#### WHAT IS REQUIRED
Only the text belongs in the copy. Transcribe the data exactly and drop any pictures.

#### EXERCISE DATA
***
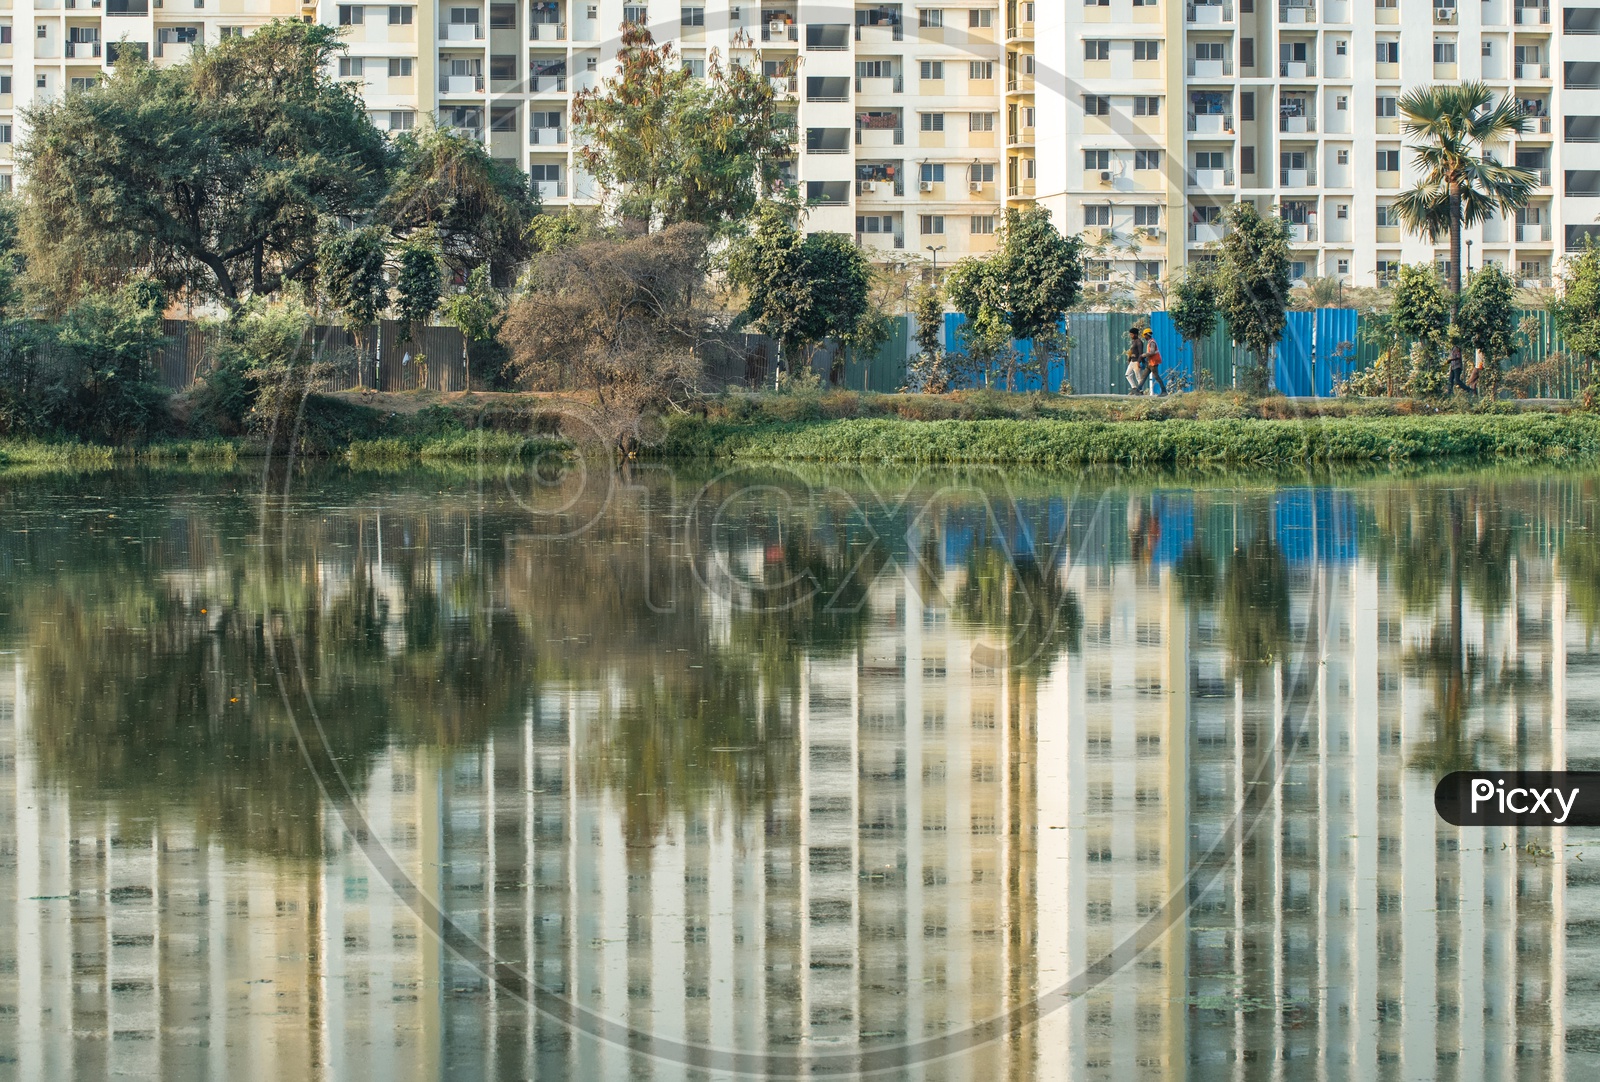 Mantri Celestia high rise apartments and its reflection on the wipro lake
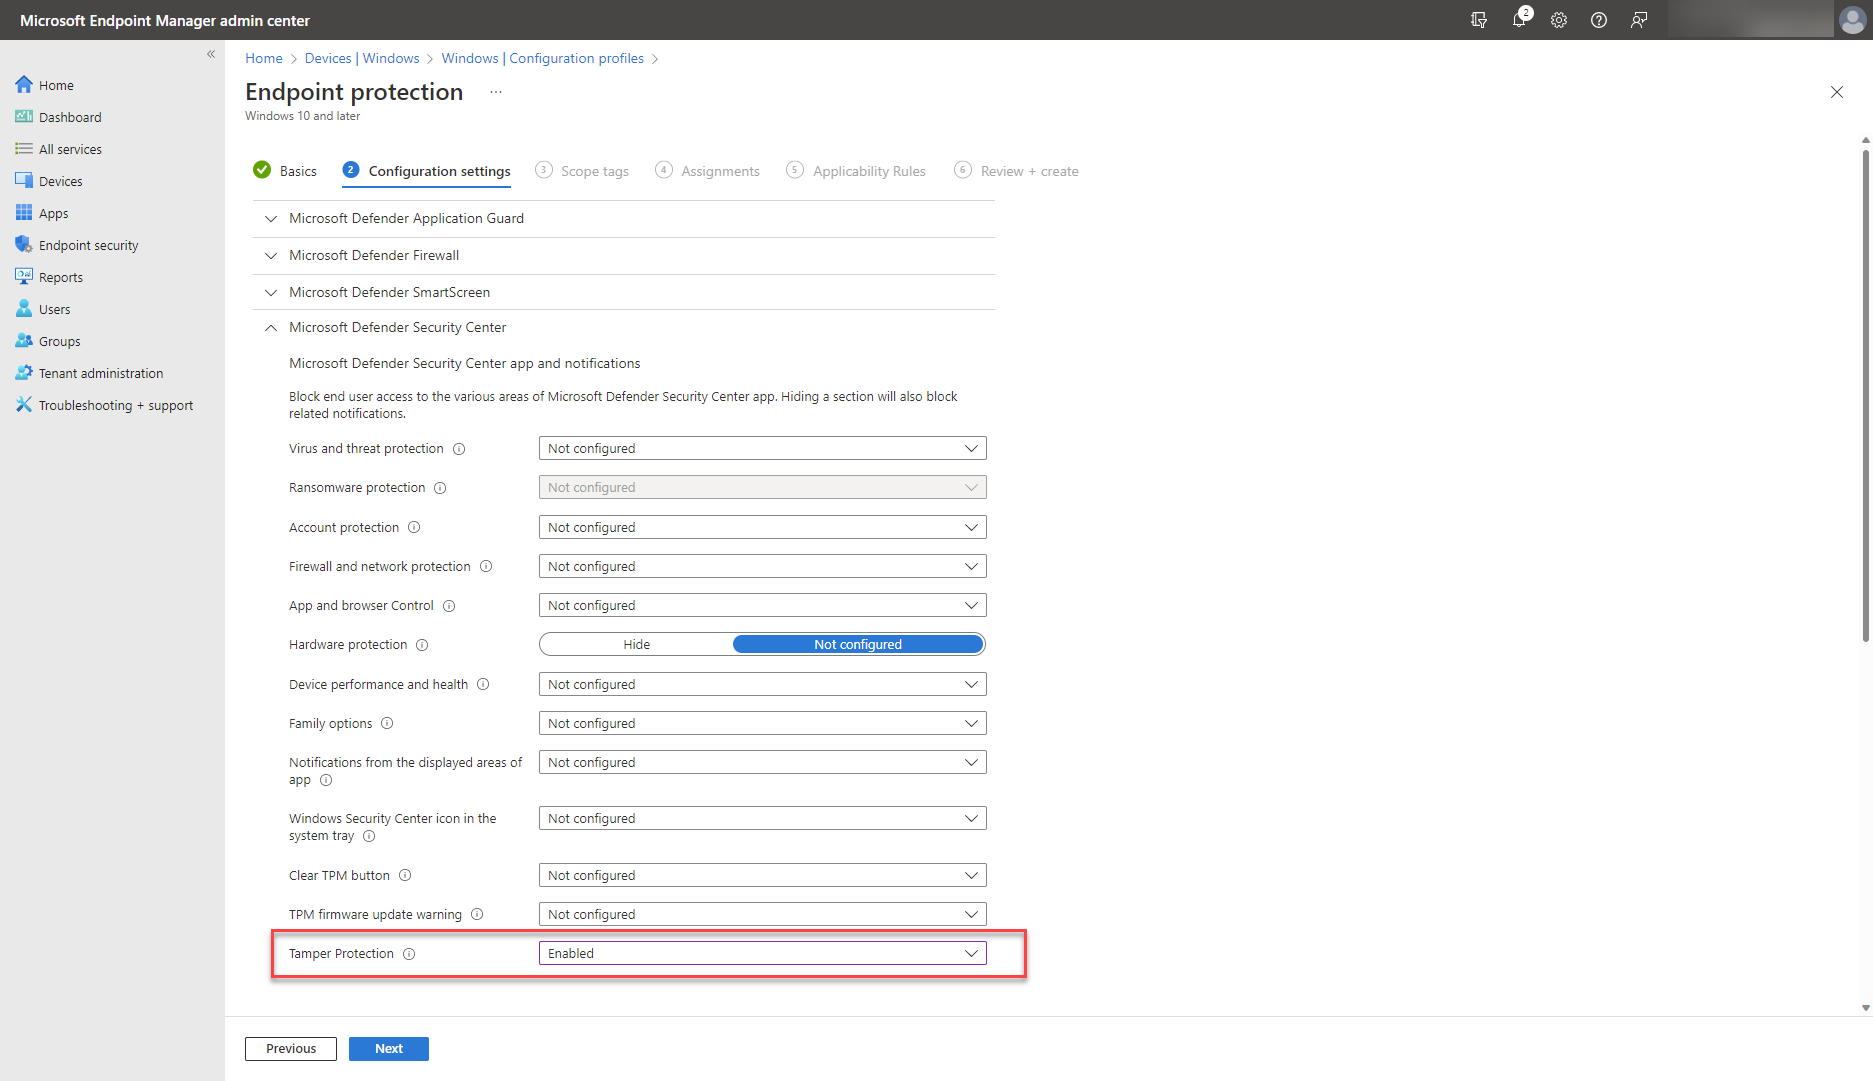 A screenshot of the Microsoft Defender security center options in Microsoft Intune, focused on enabled Tamper protection.
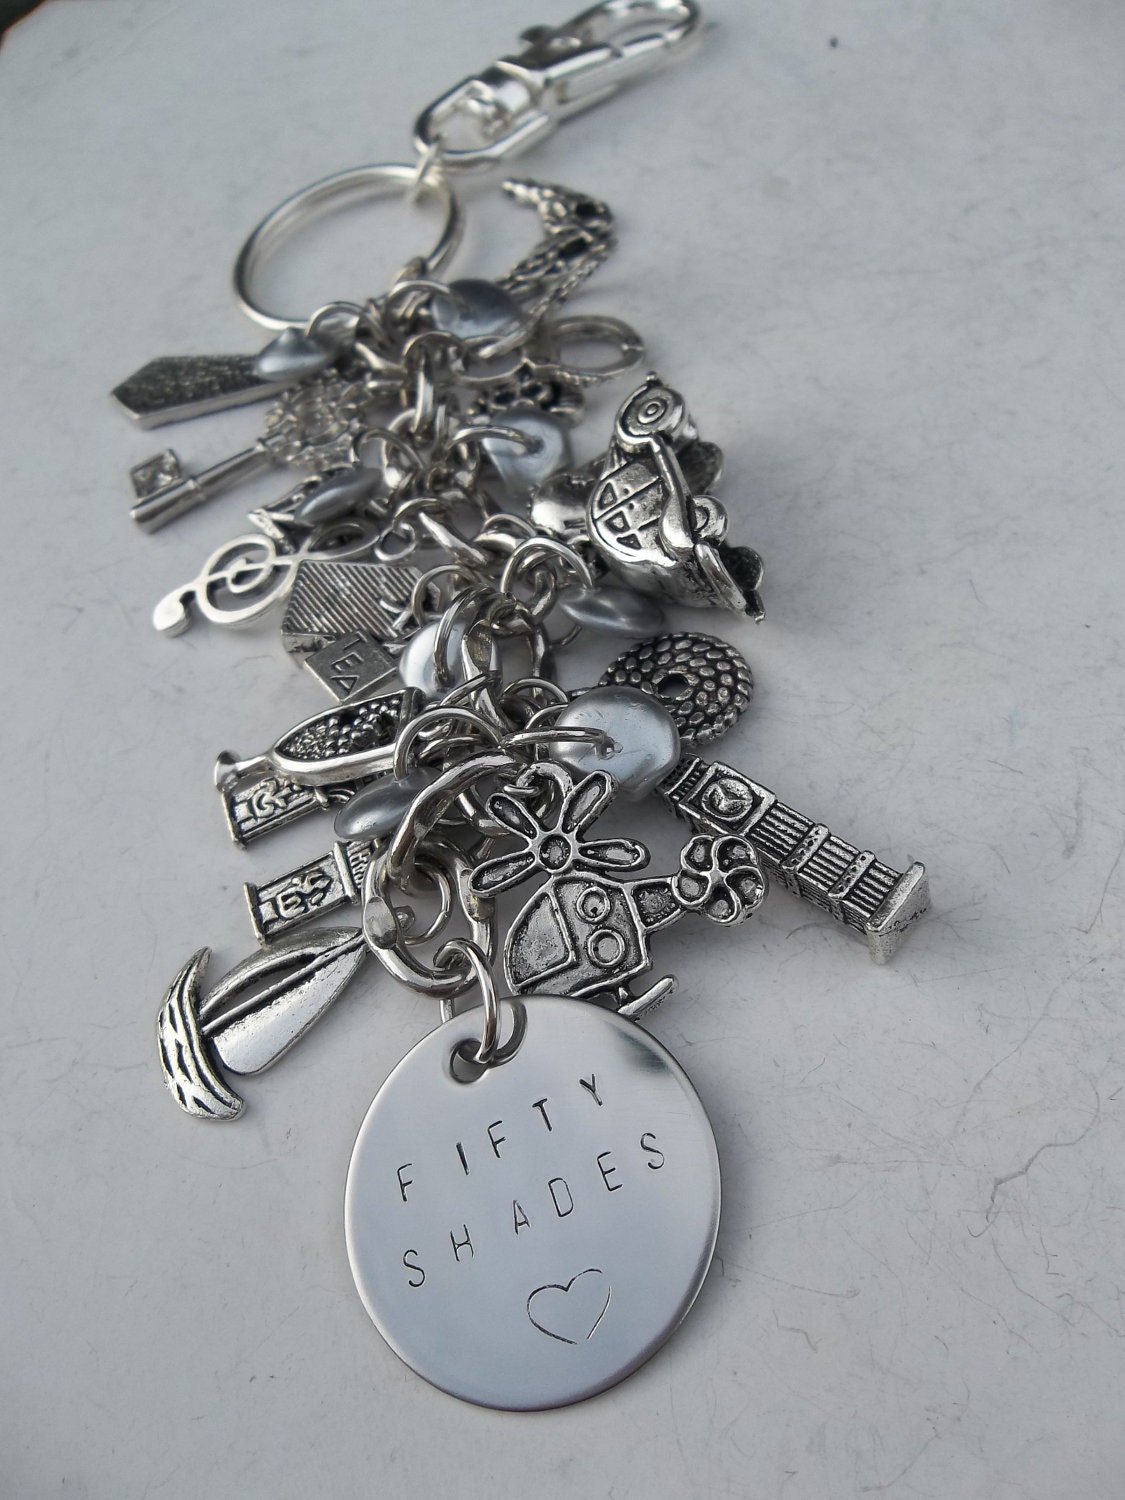 It's All About Fifty Shades of Grey Key Chain & Purse Bag Charm Hand Stamped w/Polished Glass Beads Inspired by the Book 50 Shades
***
#### SOLUTION TO THE EXERCISE
 Mantri Celestia high rise apartments and its reflection on the wipro lake
 A screenshot of the Microsoft Defender security center options in Microsoft Intune, focused on enabled Tamper protection.
 It's All About Fifty Shades of Grey Key Chain & Purse Bag Charm Hand Stamped w/Polished Glass Beads Inspired by the Book 50 Shades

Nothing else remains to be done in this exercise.